What matters now is that, for the first time, there’s the potential to do more than name it.
The Grassroots Levy exists because the depth of the problem was finally acknowledged and an answer to it was recognised. Simply put, recognise that the R&D at the bottom of the ecosystem supports the success at the top of it, and link those two things together with a simple financial formula. £1 from every show above 5,000 capacity creating a fund that enables the R&D to happen in conditions which don’t require a venue operator or a promoter to visit his personal cashpoint to give the artist enough money to put petrol in their tank so they can get home. It has public backing, political will, and now an oversight governance structure in the LIVE Trust.

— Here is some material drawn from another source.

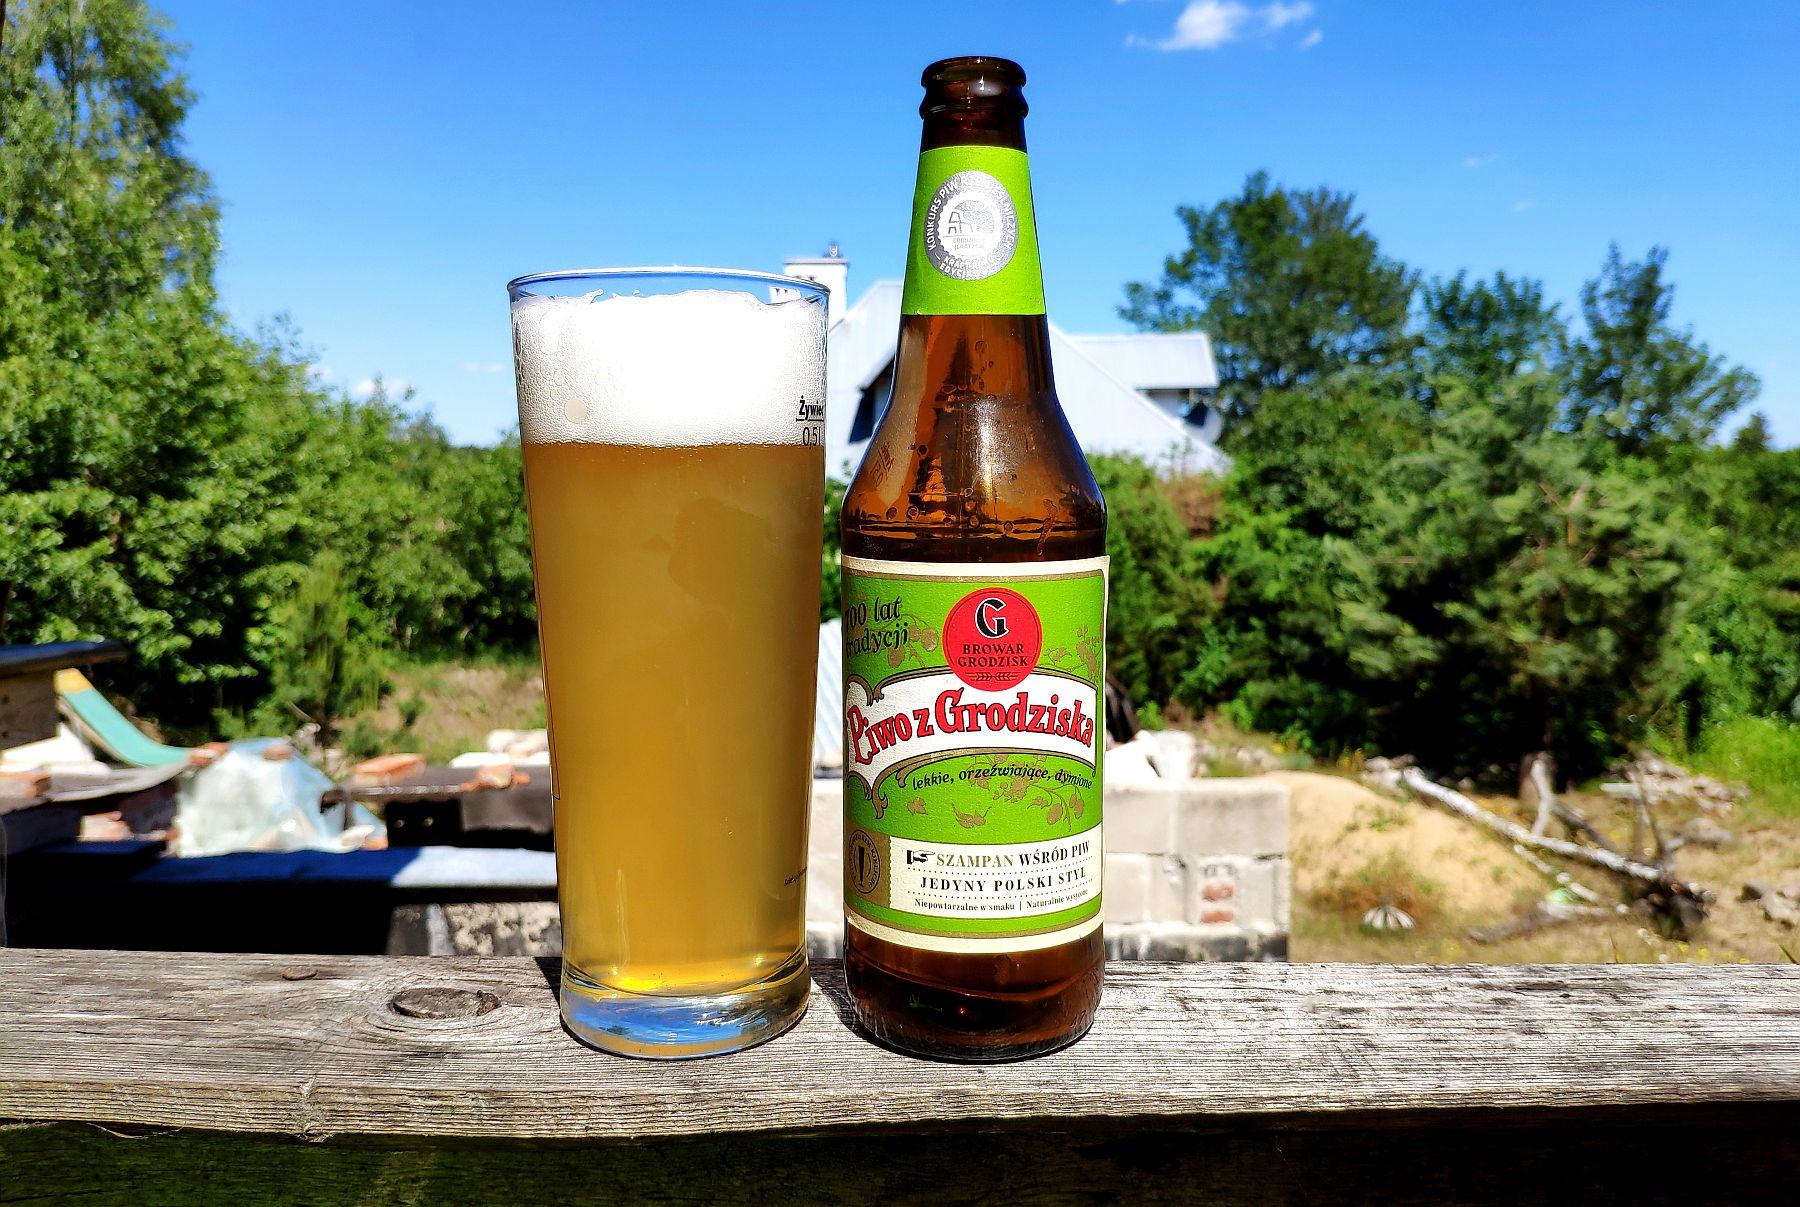 Piwo z Grodziska - Browar Grodzisk

The LIVE Trust exists because this damage is visible to everyone now. It’s well-described, backed by strong data and evidence, and because there’s a shared understanding and acceptance that something can, and must, be done. It’s our view that whether it is able to deliver something meaningful depends entirely on how it’s used, whether it just puts a series of sticking plasters over the injuries, or whether it starts on a major health intervention to deal with the causes.
That’s what Music Venue Trust has working on since the end of the pandemic, a structural move from short-term relief to long-term repair. A strategy shaped by what we’ve learned from the people we work with in the venues we support. By simply asking venues and their teams what are the real, multiple causes of why they have to work second (and more accurately first) jobs to keep this whole thing alive, and starting to think about how to change that.
I keep being pressed on it, so let me make it absolutely clear for anyone still not listening. Music Venue Trust has never claimed to have all the answers for everyone, and what we plan to propose to the LIVE Trust is, write this down so I don’t have to keep repeating it, not the only answer. Other organisations will have other approaches which will be based on the experiences of the people they represent, although hopefully they will include, as MVT has always done since we started this conversation in 2018, sensible and respectful recognition that you can’t fix the broken economic model by throwing support at just one section of it.
There’s more than enough funding available to support more than one way forward and to explore multiple opportunities to change the working practices, the cost and the returns, in the grassroots sector into something that actually works for everyone. But the approach of long-term fixes to a broken system is the one MVT is taking to the LIVE Trust. Not as theory, but as something we’re ready to deliver and know will work.
For now, I thought it was worth one last column being clear about how we got here and what are the real causes of the crisis, because although none of this could honestly be said to be an accident, it wasn’t exactly designed to have these negative outcomes either. It’s what happens when work goes unacknowledged and unrecognised for too long, resulting in a floundering and failing system that is allowed to drift towards being fundamentally broken. An ecosystem where shortfalls are absorbed by goodwill, and the whole thing only stays up because the people inside it won’t let it fall down.
Nobody planned for it to be like this. But nobody has had the real opportunity to take the action needed to stop it either. For the last eleven years MVT has successfully put buckets under the leaky roof of the grassroots sector, hoping that one day we might actually get the chance to fix the roof.
That’s the opportunity we have now, and we can, should, and must, take it.



Once again it’s written in a style that just shines the most obvious light on a problem that needs to be highlighted again and again.